3.1.5.24 Extension for video receive capabilities a=x-caps

This protocol defines a video media level attribute a=x-caps, which represents what a video receiver is capable of receiving. A video capability a= line defines video capabilities for each of the video codec the video receiver is capable of receiving.<49>

This attribute is optional; if missing, a video sender SHOULD set the video receive capabilities of the remote peer as Common Intermediate Format (CIF) at 15 fps and Video Graphics Array (VGA) at 15 fps. Quarter CIF (QCIF, which represents a video resolution of 176 width by 144 height), CIF and VGA MUST be advertised in the list of Video capabilities for a media stream that has an a=label:main-video SDP attribute. A video capability of VGA 13 fps MUST be treated as VGA 15 fps.

High-definition (HD), which represents a video resolution of 1280 width by 720 height, is an additional video capability that can be advertised by a video receiver.

High-definition 1080p (HD1080p), which represents a video resolution of 1920 width by 1080 height, is an additional video capability that can be advertised by a video receiver.

This media attribute has the following format in ABNF notation, as described in [RFC5234]:

Video-Capabilities-media-type-attribute:

 "a=x-caps:" <video-payload-type > SPACE <list-of-video-capabilities> CRLF

video-payload-type: The RTP payload type number for video, such as 121 for x-rtvc1.

list-of-video-capabilities:

 <video-capability>";"<video-capability>

video-capability:

 <Capability-ID>":"<Width-of-video-frame>":"<Height-of-video-frame>":"<frames-per-second>":"<maximum-bitrate-bits-per-second>":"<additional-attributes>

Capability-ID (integer): A unique random integer among the listed capability ID for that m= line. The value is between 1 and 2147483647 in the entire video-capabilities-media-type-attribute.

Width-of-video-frame (integer): The width is one of the following values:

  • 176 for QCIF

  • 352 for CIF

  • 640 for VGA

  • 1280 for HD

  • 1920 for HD1080p

Height-of-the-video-frame (integer): The height is one of the following values:

  • 144 for QCIF

  • 288 for CIF

  • 480 for VGA

  • 720 for HD

  • 1080 for HD1080p

frames-per-second (float): Value SHOULD be less than or equal to 30.0 fps.
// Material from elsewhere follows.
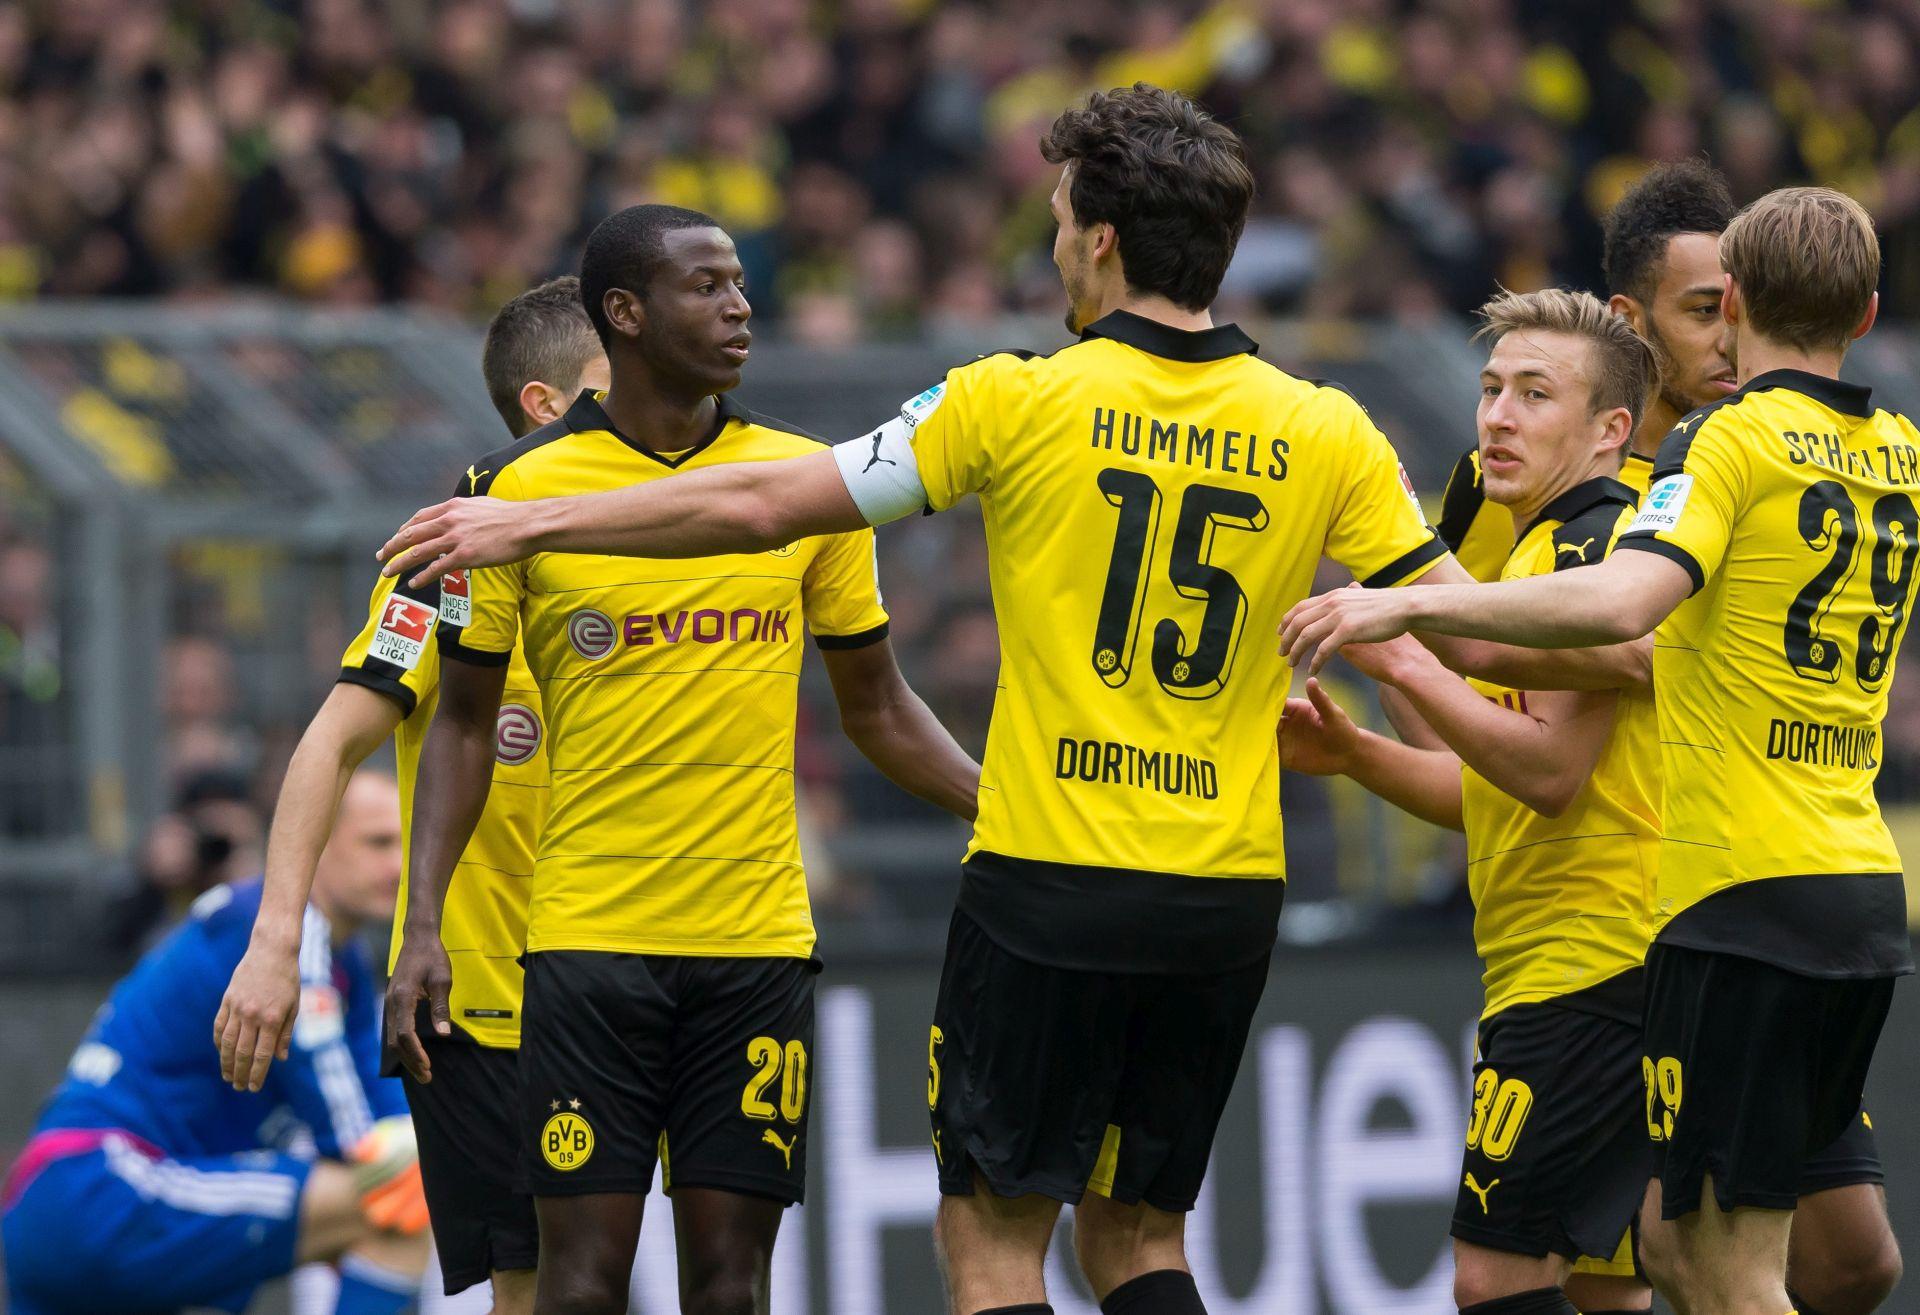 Njemačka: Borussia D. – Hamburger SV 3-0

Any values beyond 30.0 SHOULD be treated as 30.0. The value specifies the maximum frame rate the receiver is capable of receiving.
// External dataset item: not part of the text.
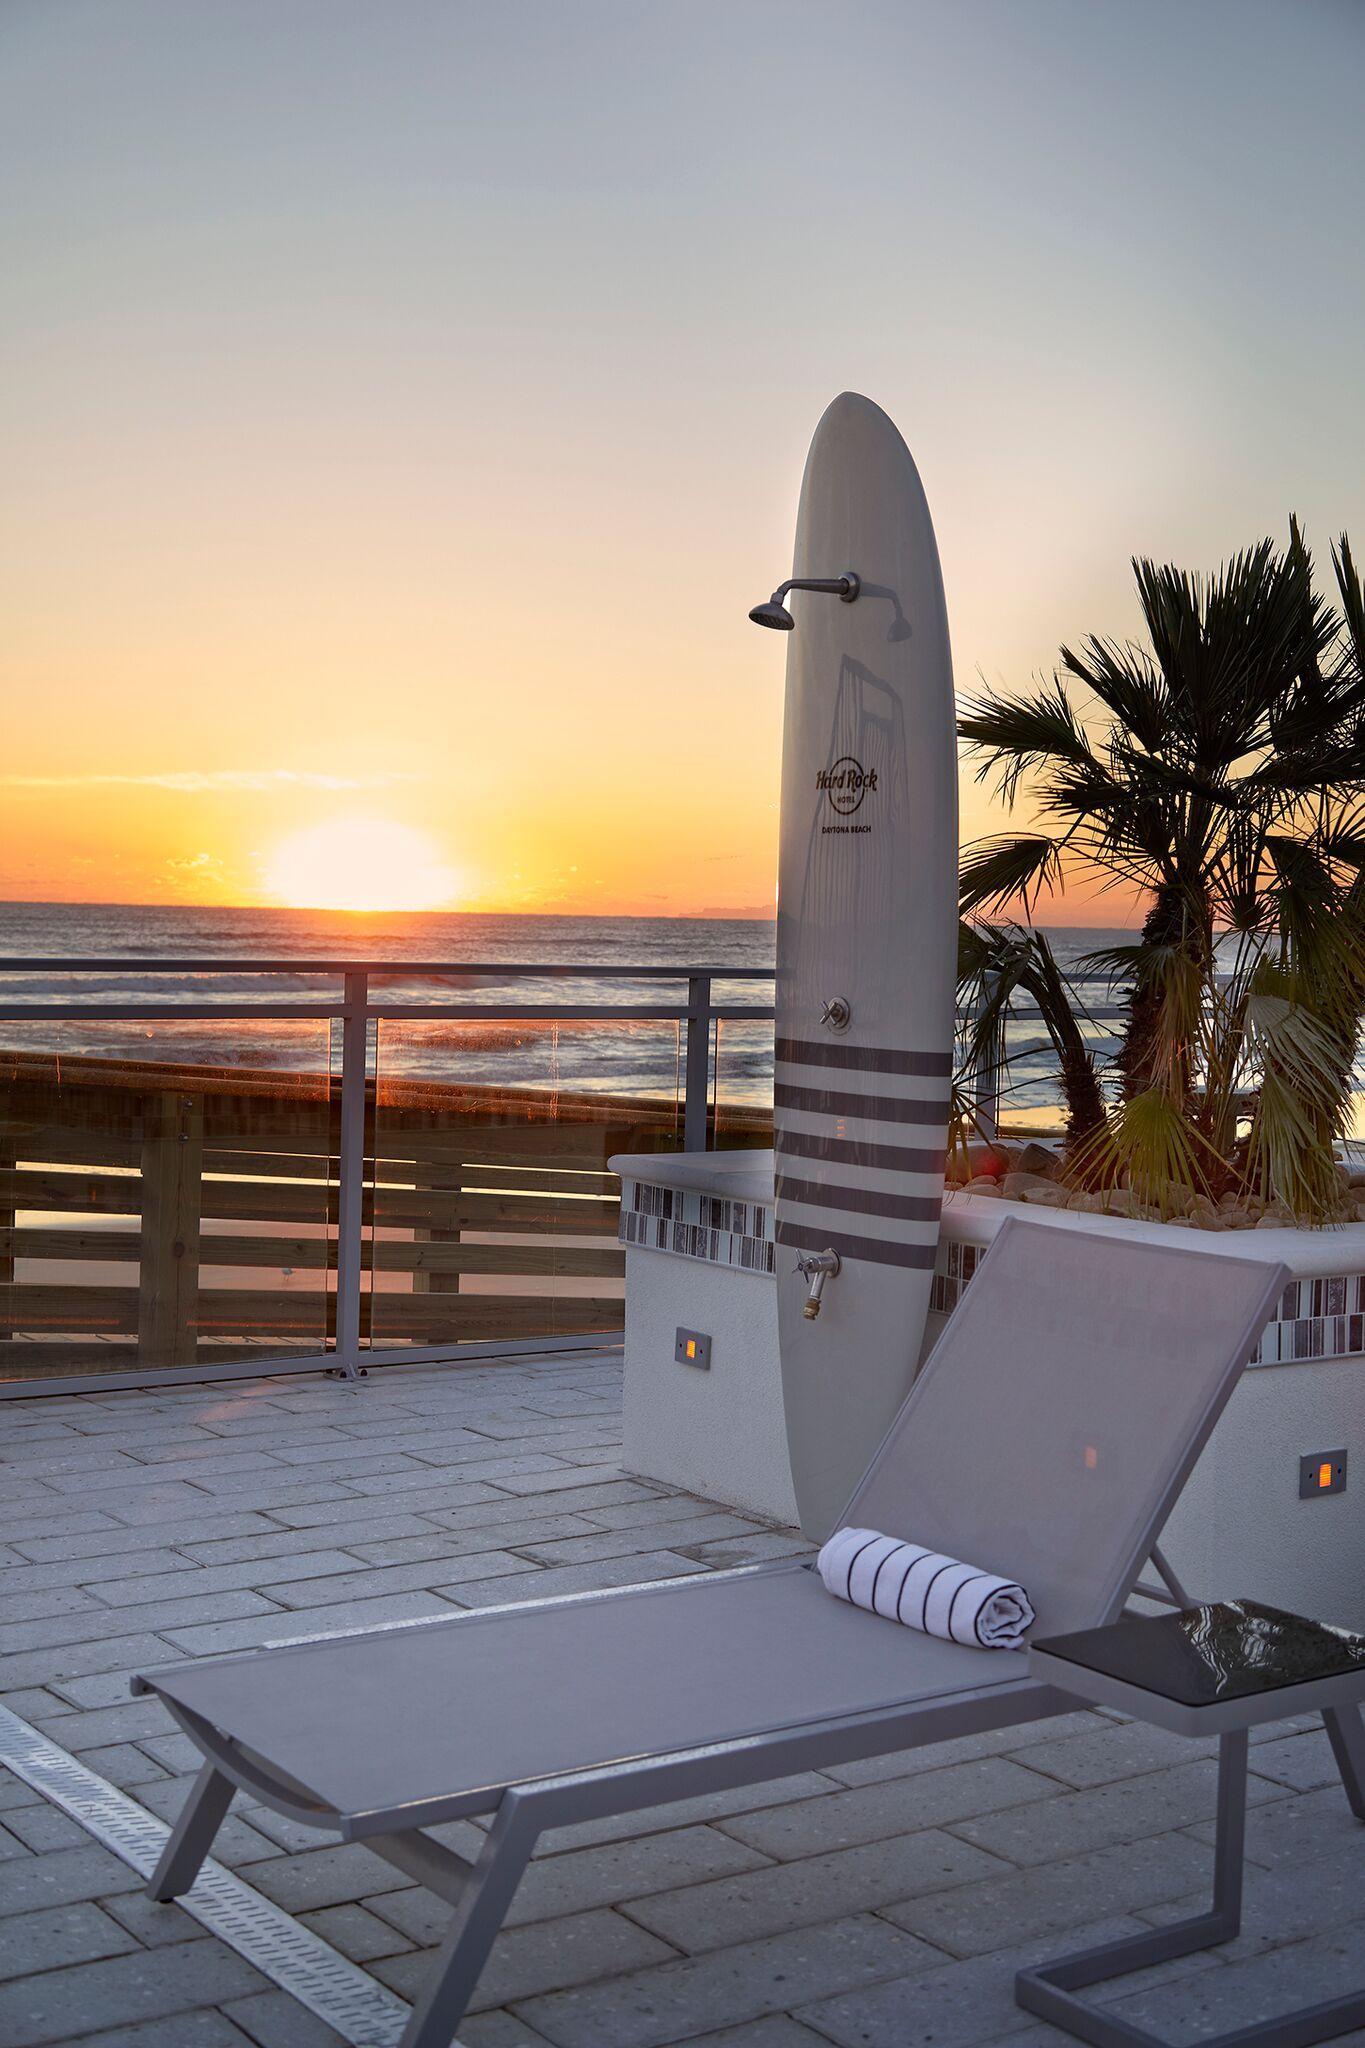 surfboard_1.jpeg

maximum-bitrate-in bits-per-second (integer): Ignored, and reserved for future use.

Any additional attributes SHOULD be ignored, and reserved for future use.

A protocol peer, upon receiving the video capabilities SHOULD<50> do the following:

  • If there is a "," in a video-capability attribute, anything from "," to the end of video-capability (";" or CRLF) SHOULD be ignored.

  • If there is a syntax error in a=x-caps, the whole a=x-caps SHOULD be ignored and video receive capabilities of the remote peer SHOULD be set as CIF at 15 fps or VGA at 15 fps.

The following is an example a=x-caps attribute:

 a=x-caps:121 263:1920:1080:30.0:2000000:1;4359:1280:720:30.0:1500000:1;8455:640:480:30.0:600000:1;12551:640:360:30.0:600000:1;16647:352:288:15.0:250000:1;20743:424:240:15.0:250000:1;24839:176:144:15.0:180000:1

The a=x-caps attribute is not supported for the H.264UC or ULPFEC-UC video media formats (section 3.1.5.3). An a=x-caps attribute SHOULD NOT be included for H.264UC or ULPFEC-UC. An a=x-caps attribute for H.264UC or ULPFEC-UC, if present in a received SDP message, MUST be ignored.